I’m 6’5″ and I am having a really hard time gaining muscle mass. How do I gain the muscle without gaining fat?

“I get this question all the time as it’s what every guy in the gym wants. The reality is that it’s very, very difficult to do unless you have precision with your nutrition program. If you (1) estimate your calorie burn ideally using the Katch & McCardle method (2) track your calorie intake, assuming 250-500 calories more than you burn, (3) lift heavier weights over time, (4) focus on basic exercises, and (5) track your progress with weekly weigh-ins, you will be able to gain muscle without gaining fat. If for some reason you are not gaining any weight, then you up the calories another 250-500 calories until you start gaining some weight. As long as your lifting numbers are going up combined with a calorie surplus and ample protein (1+ gram of protein per pound of bodyweight), you will gain muscle! With all that said, if you are already lean and the sound of tracking your calories is more than you bargained for, I wouldn’t worry too much about gaining some fat if you are also gaining muscle, because it’s easier to lose fat without losing muscle than it is to gain muscle without gaining fat.”

5) Marco-Nutrient Ratios — asked by Dan Arra

What’s a good ratio for carbs, protein and fat when bulking for a 155-pounder?
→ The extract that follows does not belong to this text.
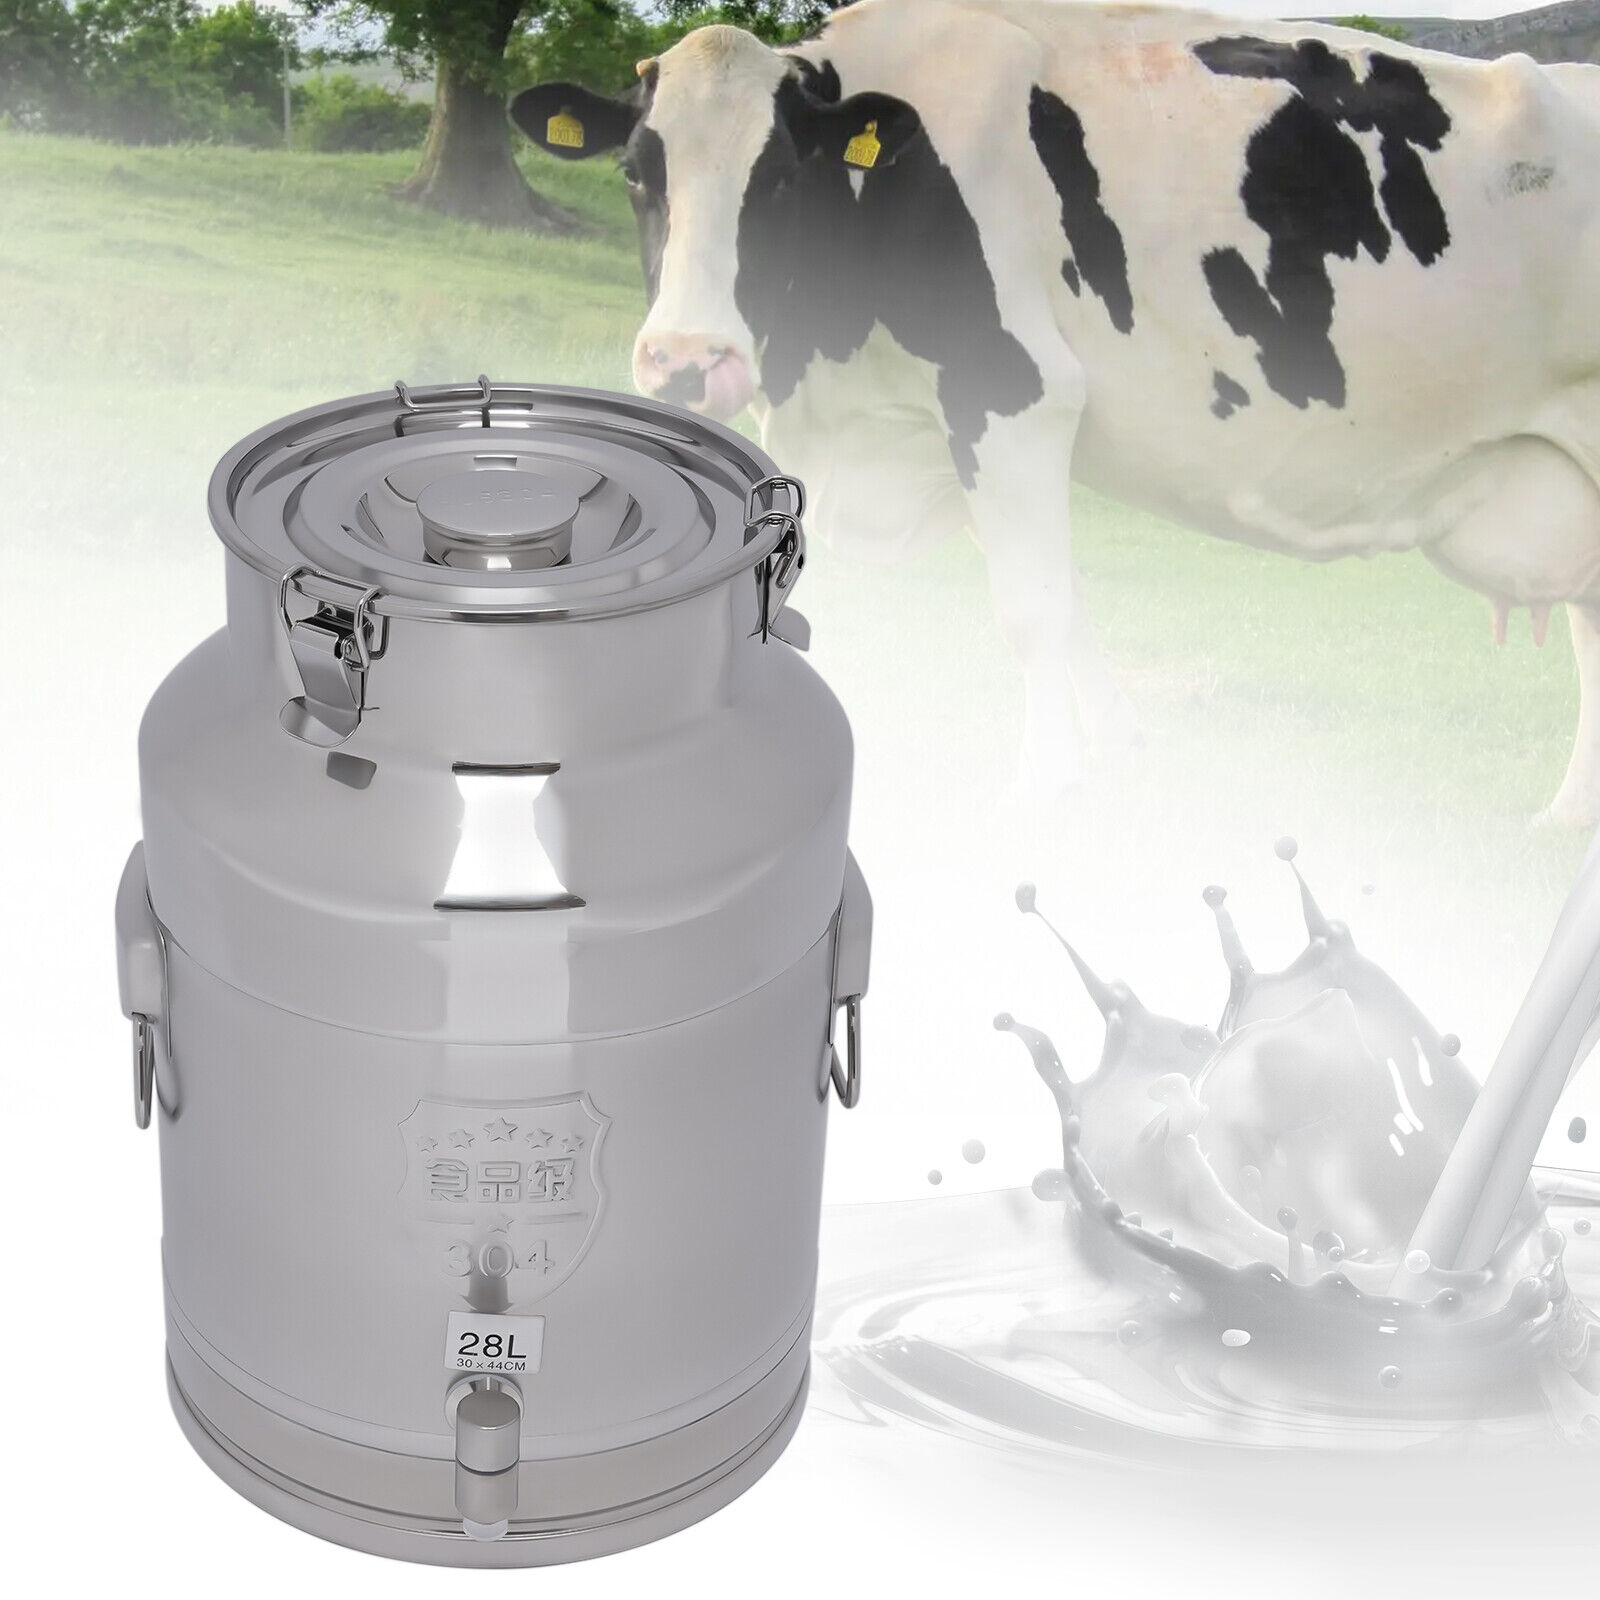 28L Stainless Steel Milk Can Wine Barrel Bucket Milk Storage Container w/ Faucet

“The typical bodybuilding ratio is 30/50/20 of protein, carbs and fat respectively, but I’ve found this ratio makes it very difficult to eat enough calories because fat intake is so low. Fat has 9 calories per gram compared to protein and carbs at 4 grams, so dietary fat is a very dense form of calories. I would recommend a 30/40/30 split to make eating enough calories easier. Another way to approach the ratio is starting out with a target calorie intake, and a set amount of protein and fat you are going to consume, then leaving the balance as carbs. For example, if you have a 3,000 target calorie intake targeting 155 grams of protein (1 gram per pound of body weight ) and fat at 30% of calories (100 grams of fat), that leaves 370 grams of carbs, which is 49% of calories. This example would be like the reverse ratio of the bodybuilding diet (20/50/30). At the end of the day, choose whatever ratio allows you to eat a calorie surplus while still keeping your protein relatively high.”